Why You need The Syrian Revolution

The Syrian Crisis is both a “profound political” and “serious humanitarian” crisis. The issues of religious extremism, diplomatic relations, militarism and sectarianism are all secondary. Most of the debate in the West about Syria inverts the order of these issues.

The “political” crisis is that a people rose up against a brutal self-serving regime in 2011, as part of a movement of deep political frustration with dictatorship that broke out into the open and swept across the Middle East and North Africa (MENA). The Syrian protests demanded an end to dictatorship by the Assad clique, and rule by a genuinely representative government. The regime chose to continue its fundamental policy (of the last 47 years) that responds to any serious dissent with torture and murder. The difference this time was the scale. This political policy response by the Assad regime is the centre of the Syrian Crisis.

It is a “profound political” crisis because all ideological movements are exhausted. After the Second World War latent racism, post-colonial insecurity and the Cold War fight against Communism gave cover to Western democracies lack of genuine support for the spread of democracy. After the end of the Cold War Extremist Islamism partially took the place of Communism. It has lost its potency however, because it has been unable to hold state power, as would be expected from a reactionary backward-looking movement.

Malicious claims about the inevitable extremism and sectarianism in the armed Syrian Opposition can only be partly explained by fear of Islamic Extremism and unconscious racist ideas about the alleged backwardness of “Muslims”. Similarly on a different part of the political spectrum, an idealistic commitment to pacifism and opposition to militarism and imperialism, are grotesquely still being used to oppose Western support for an armed opposition fighting an unquestionably ruthless sociopathic neo-colonialist Assad Regime. Western intervention in the MENA and elsewhere, is treated as a failed immoral homogenous block.
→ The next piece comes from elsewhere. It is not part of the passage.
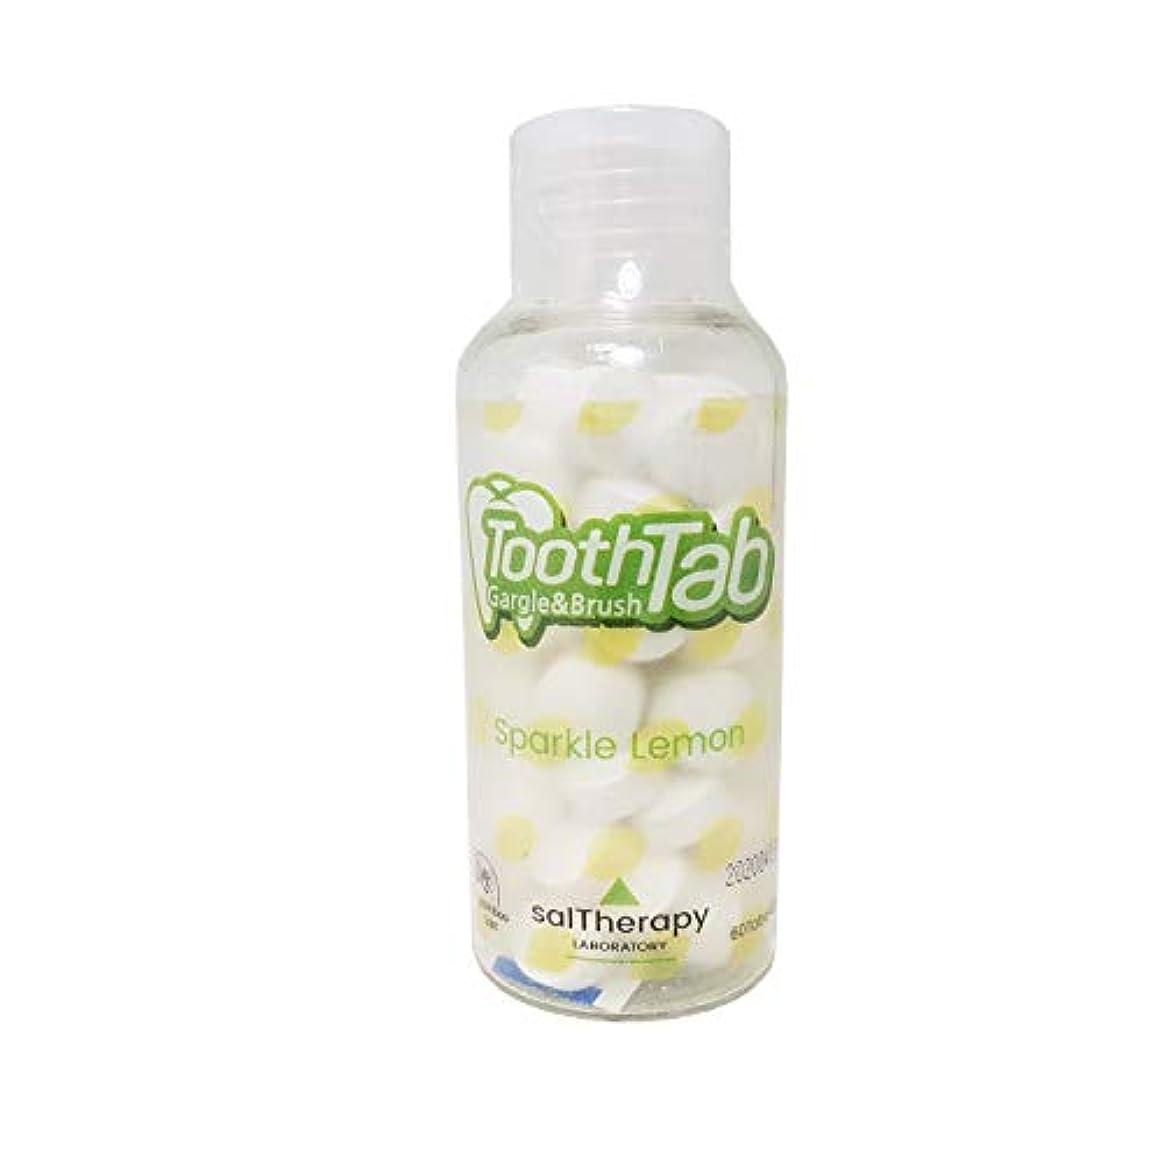 投資するキャラクターファンタジーSalTherapy 歯磨き粉 固体タブレット 60個入 (Sparkle Lemon)

No effort is made to differentiate, or work out how some types could be successful.

There is something very strange happening here in the politics of the West. Surveys of public opinion show that believe in democracy is in long term decline.  [20] Support for the hard-left and the far-right is increasing in Europe and the US. It is evident that a lack of believe in representative government in the West by ordinary people is equally important in explaining the lack of interest in supporting the struggle for representative government in Syria and elsewhere.

The true narrative about the intrinsic illegitimacy of Assad regime and the daunting courage of Syrians who have stood up to the regime, has not emerged in popular discourse, because there is little interest in the corollary of supporting the Syrian Revolution. A criminal clique centred on Hafez Assad took over Syria in 1970 in a military coup. They have used fear and corruption to rule the country in the interests of this gangster clique ever since. Elections are rigged, media censored, dissent crushed and critics tortured. The Assad regime responded to mass peaceful protests in 2011 with utter brutality that forced the Syrian Opposition to take up arms. [25] The armed Syrian Opposition have received comparatively little help and some hindrance from the West. The importance of a still minority Extremist Islamist armed opposition has been enhanced by the generous flow of resources from regional autocracies as part of a counter-revolutionary policy.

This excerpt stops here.